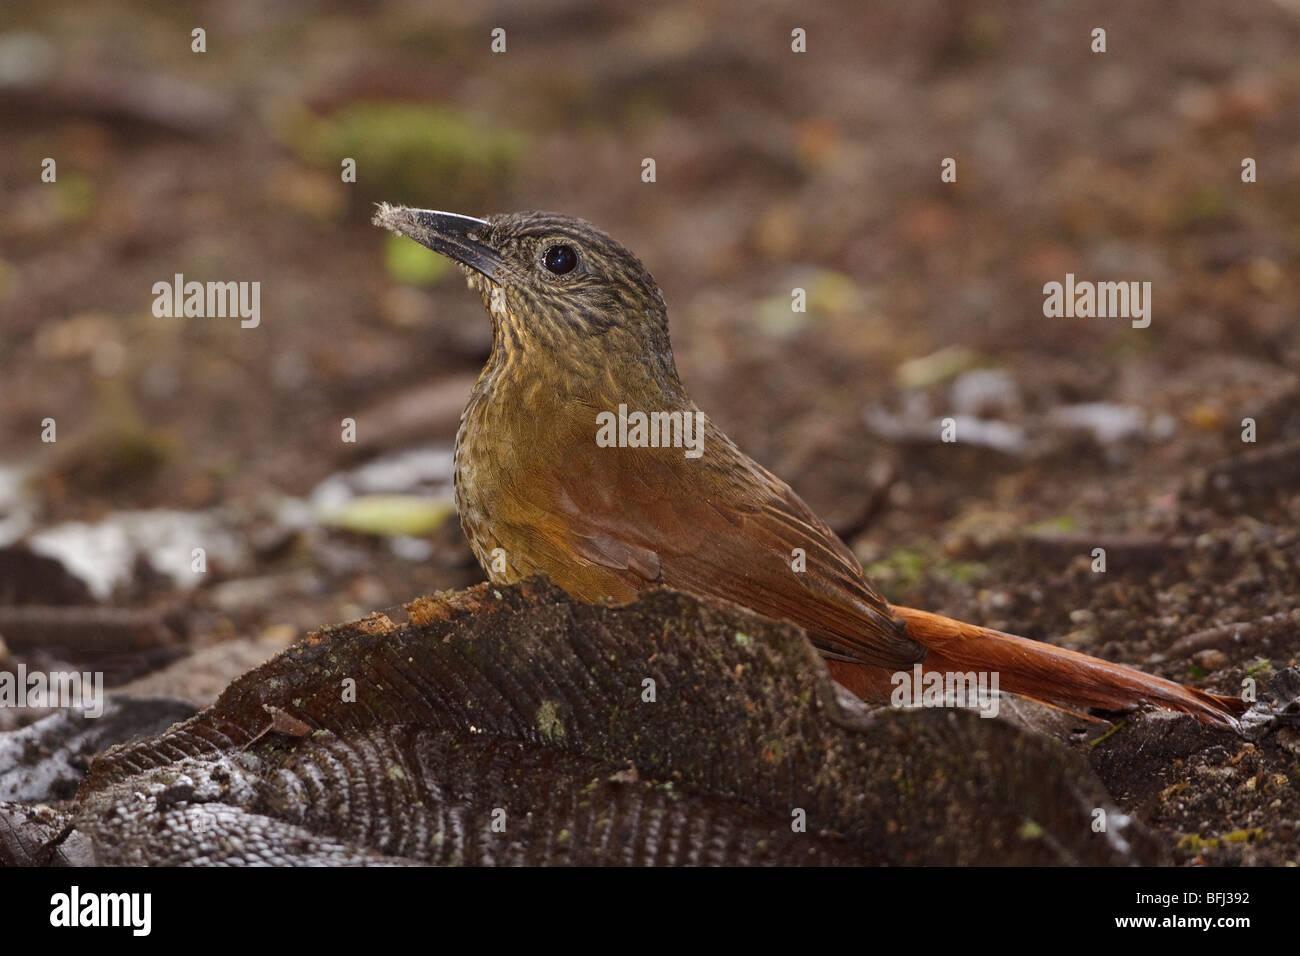 Streifen-capped Treehunter (Thripadectes Virgaticeps) in der Tandayapa Tal von Ecuador. Stockfoto
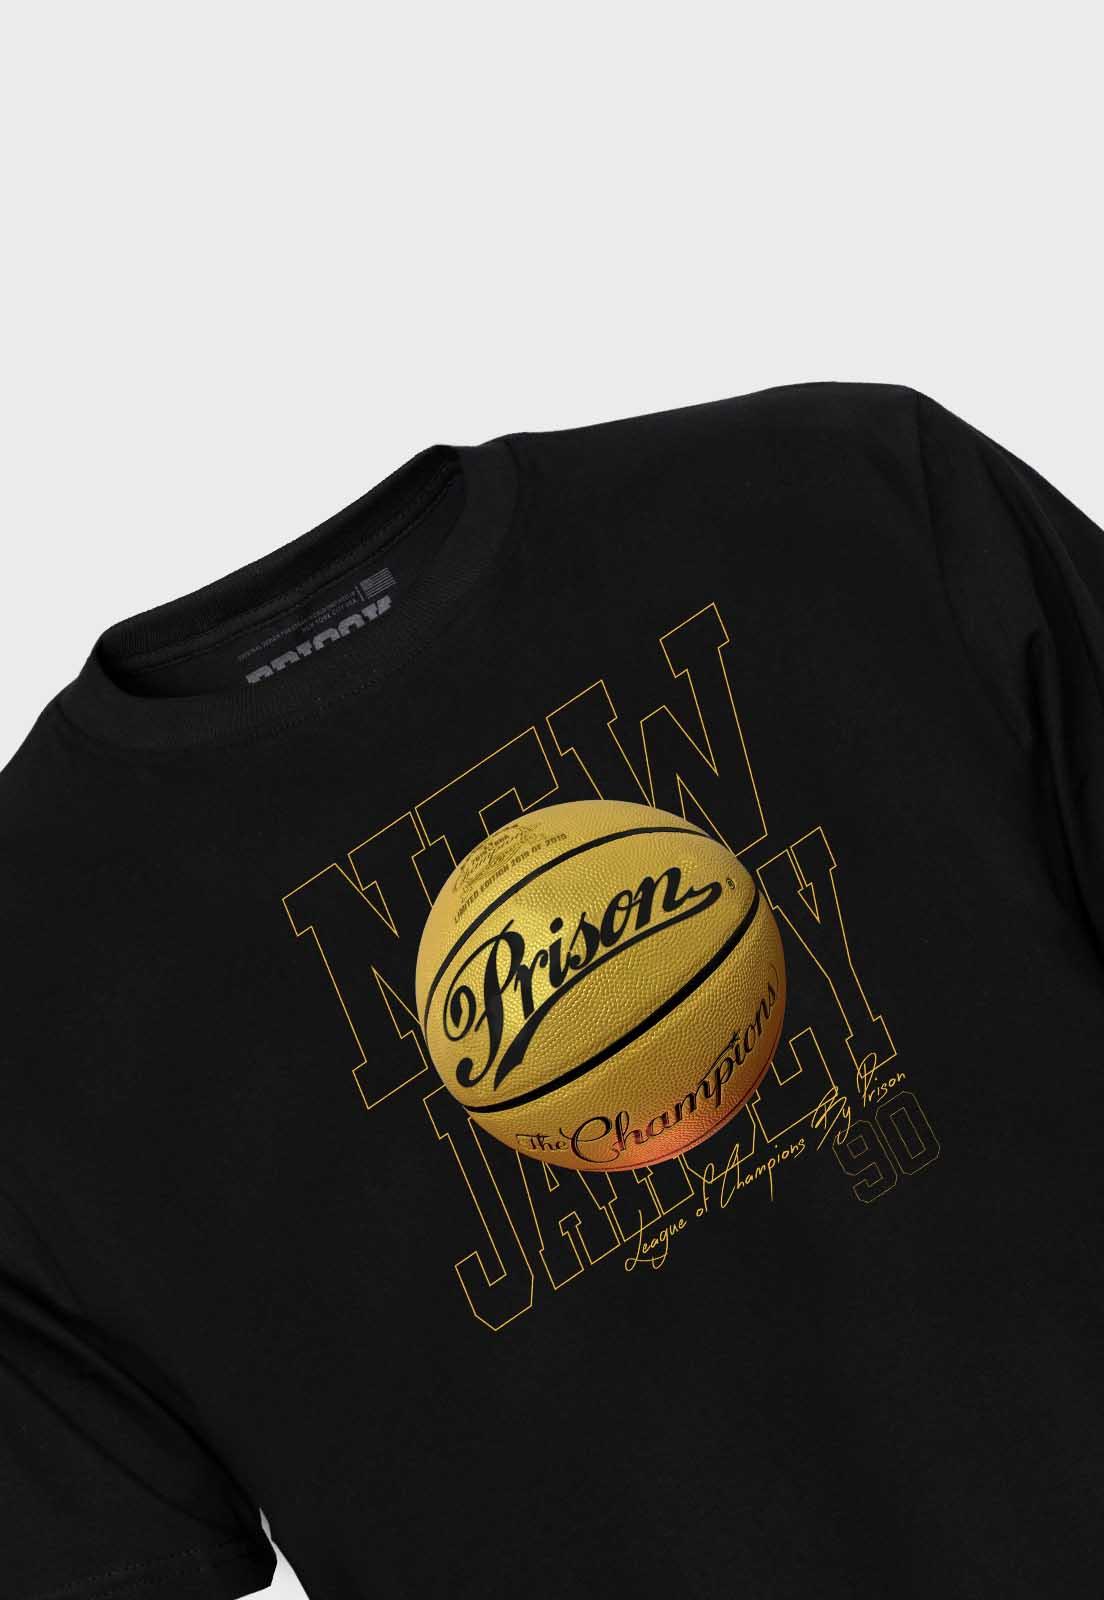 Camiseta Streetwear Prison New Jersey Gold Balll
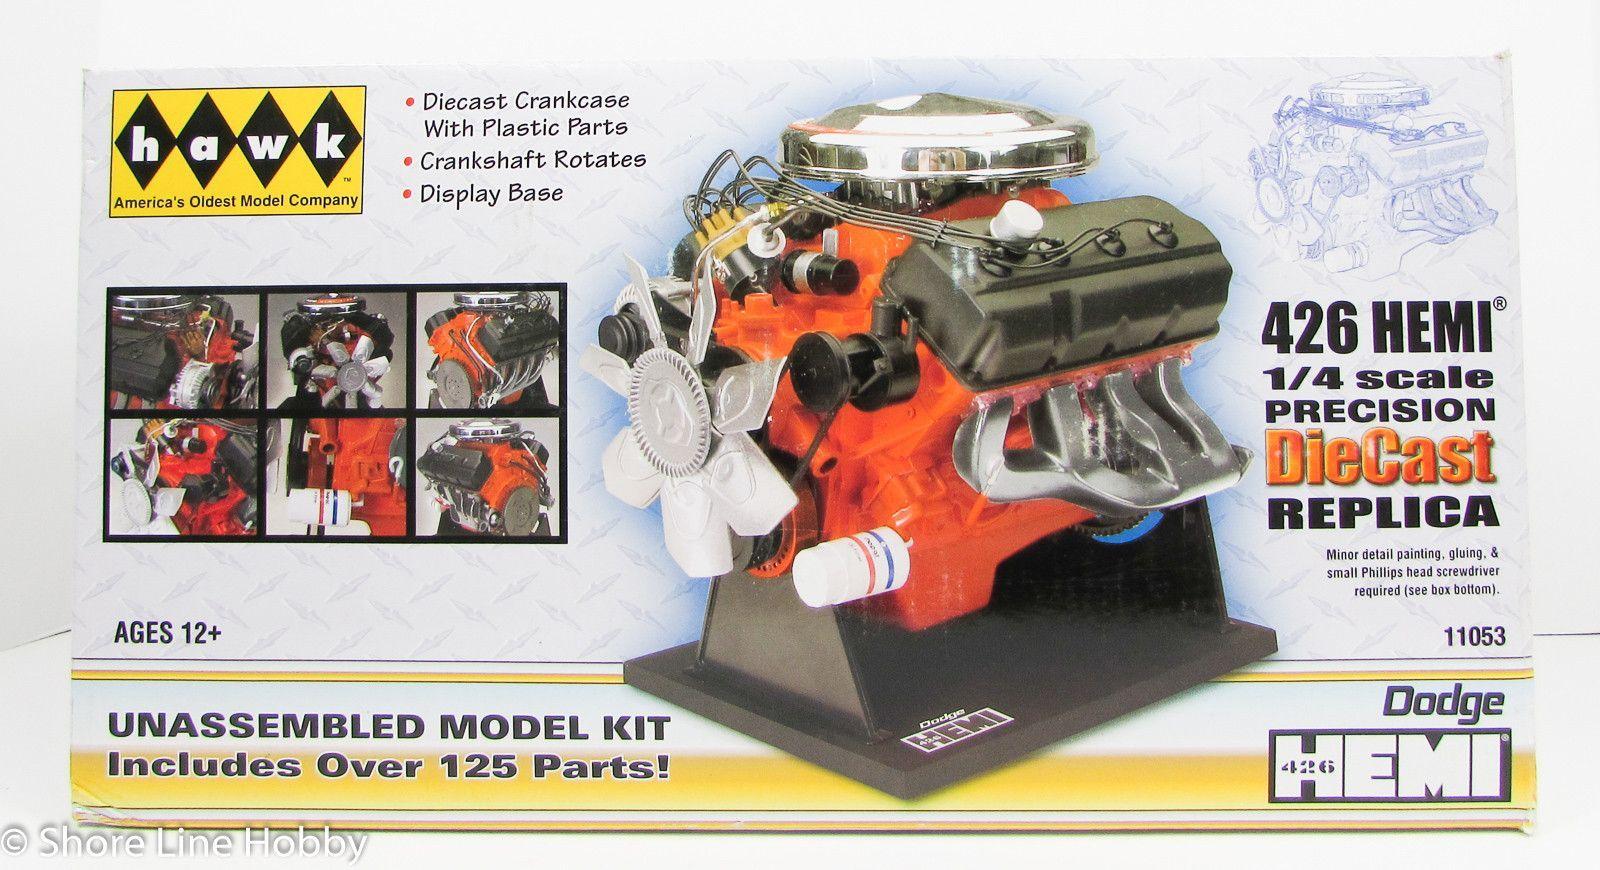 Dodge 426 HEMI V-8 Diecast Engine Hawk 11053 1/4 New Model Kit
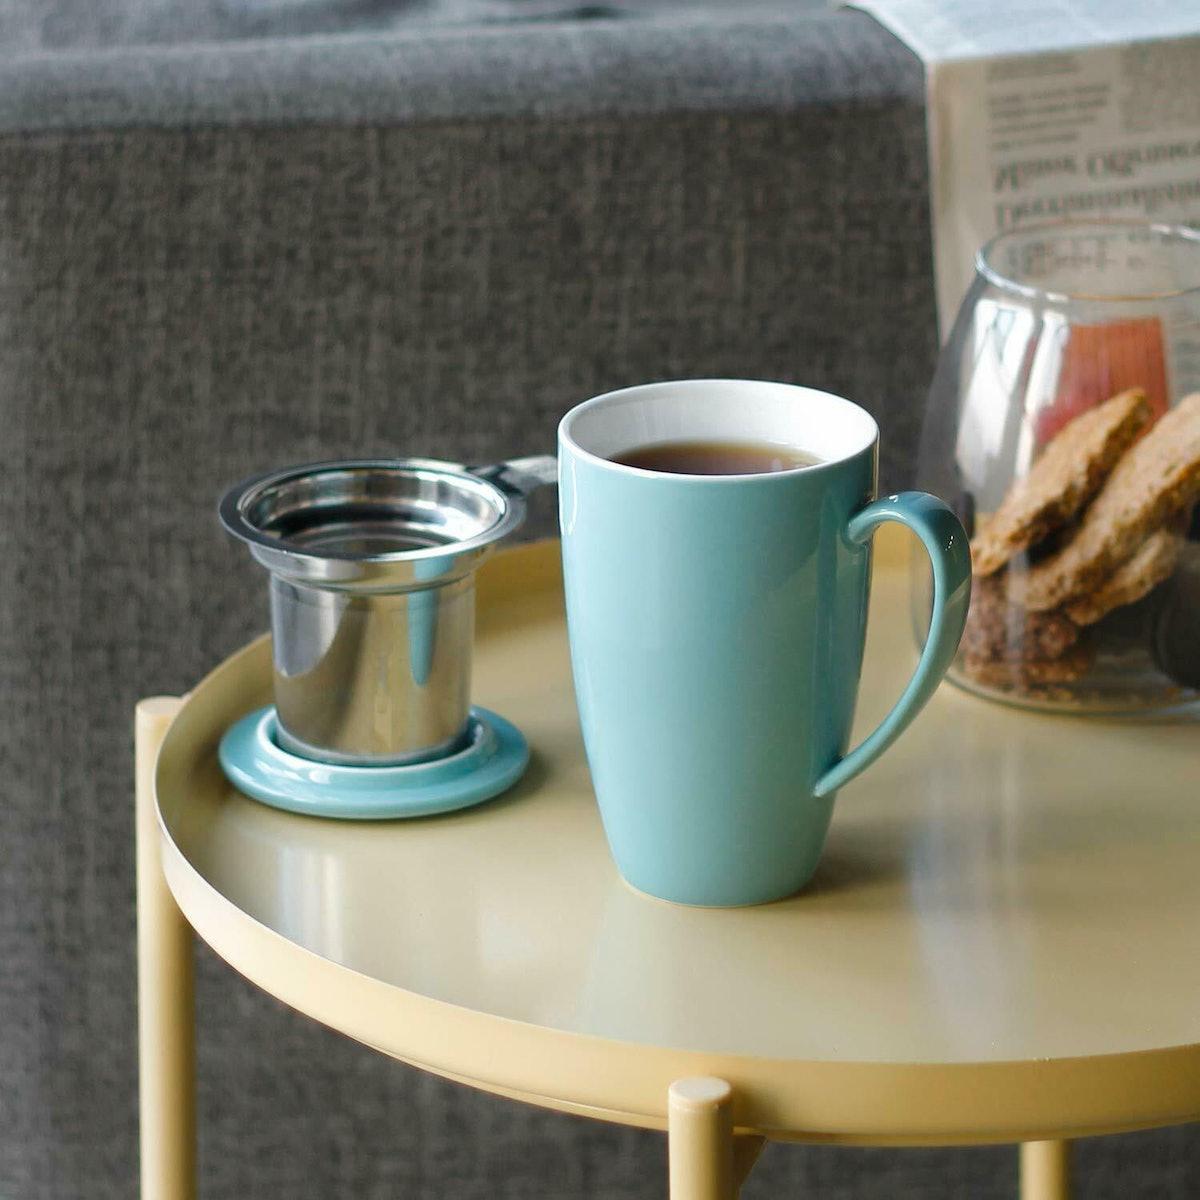 Sweese Tea Infuser Mug
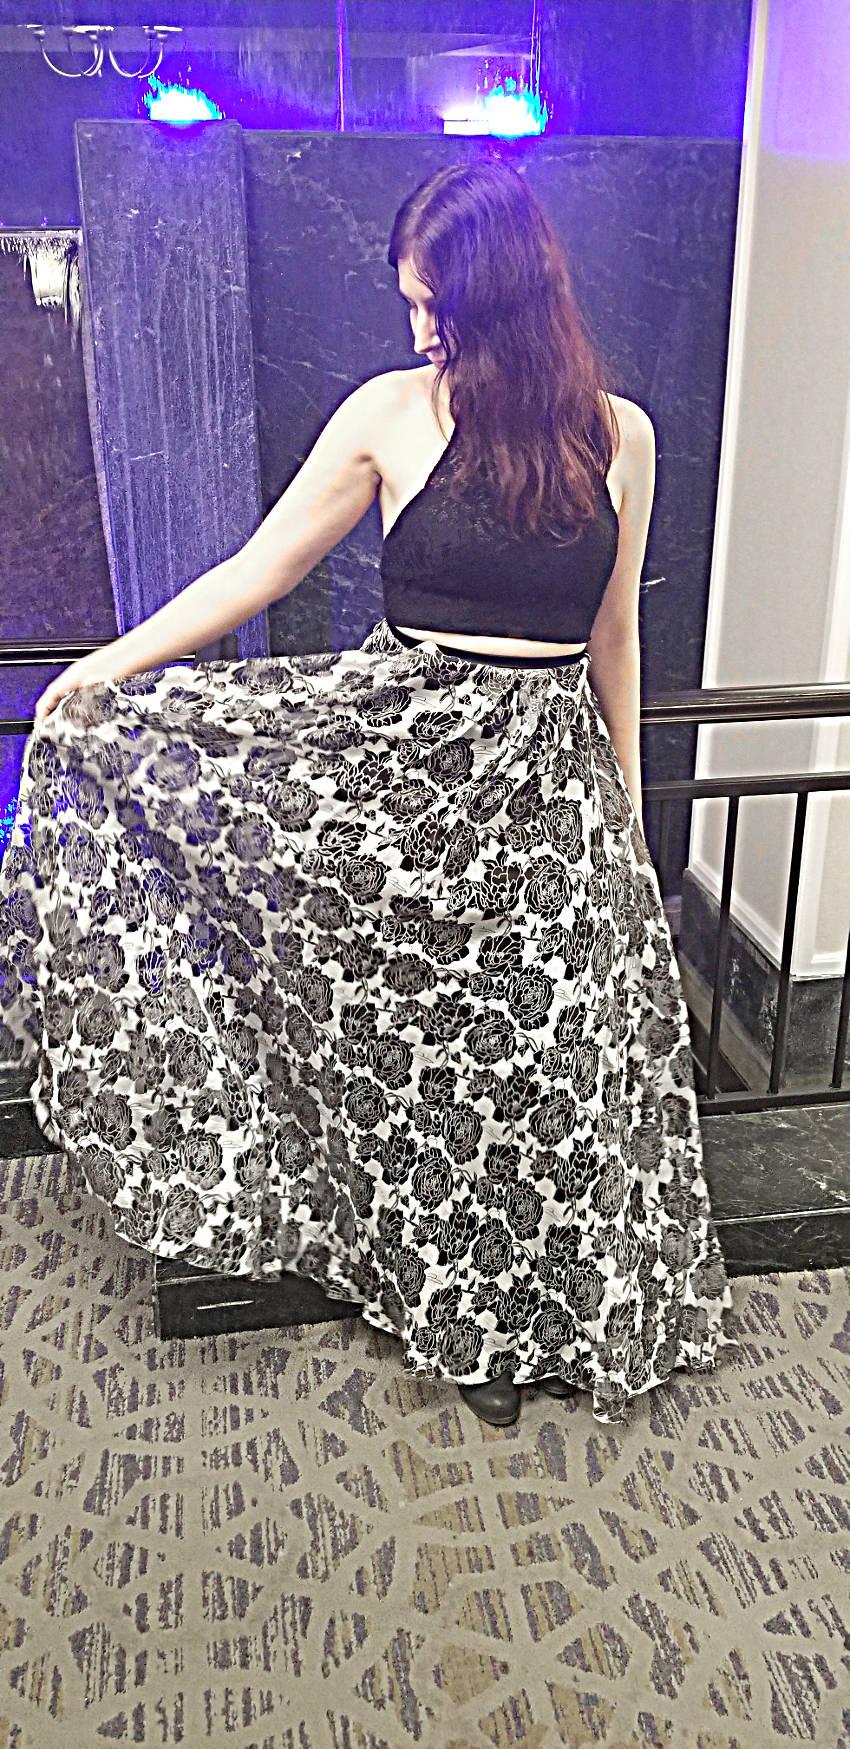 Polar Bear Style Black White Chiffon Roses Lace Two-Piece Dress
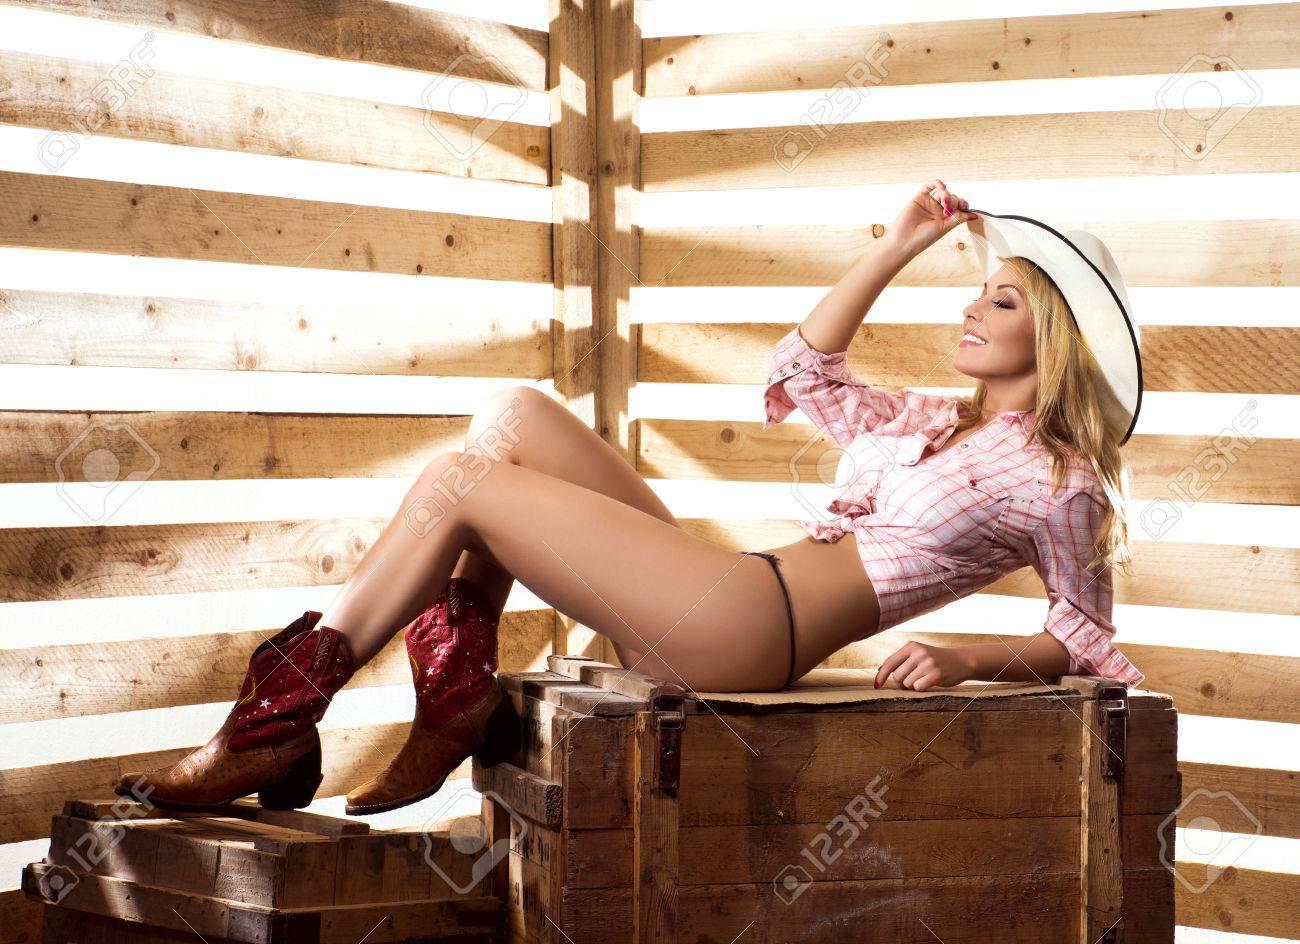 Free naked cowgirl pics, Lesbian girls kiss video

Work required:
What is wanted is a word-for-word restatement of the entries, without their images.

Result of the exercise:
 Streifen-capped Treehunter (Thripadectes Virgaticeps) in der Tandayapa Tal von Ecuador. Stockfoto
 Camiseta Streetwear Prison New Jersey Gold Balll
 Dodge 426 HEMI V-8 Diecast Engine Hawk 11053 1/4 New Model Kit
 Sweese Tea Infuser Mug
 Polar Bear Style Black White Chiffon Roses Lace Two-Piece Dress
 Free naked cowgirl pics, Lesbian girls kiss video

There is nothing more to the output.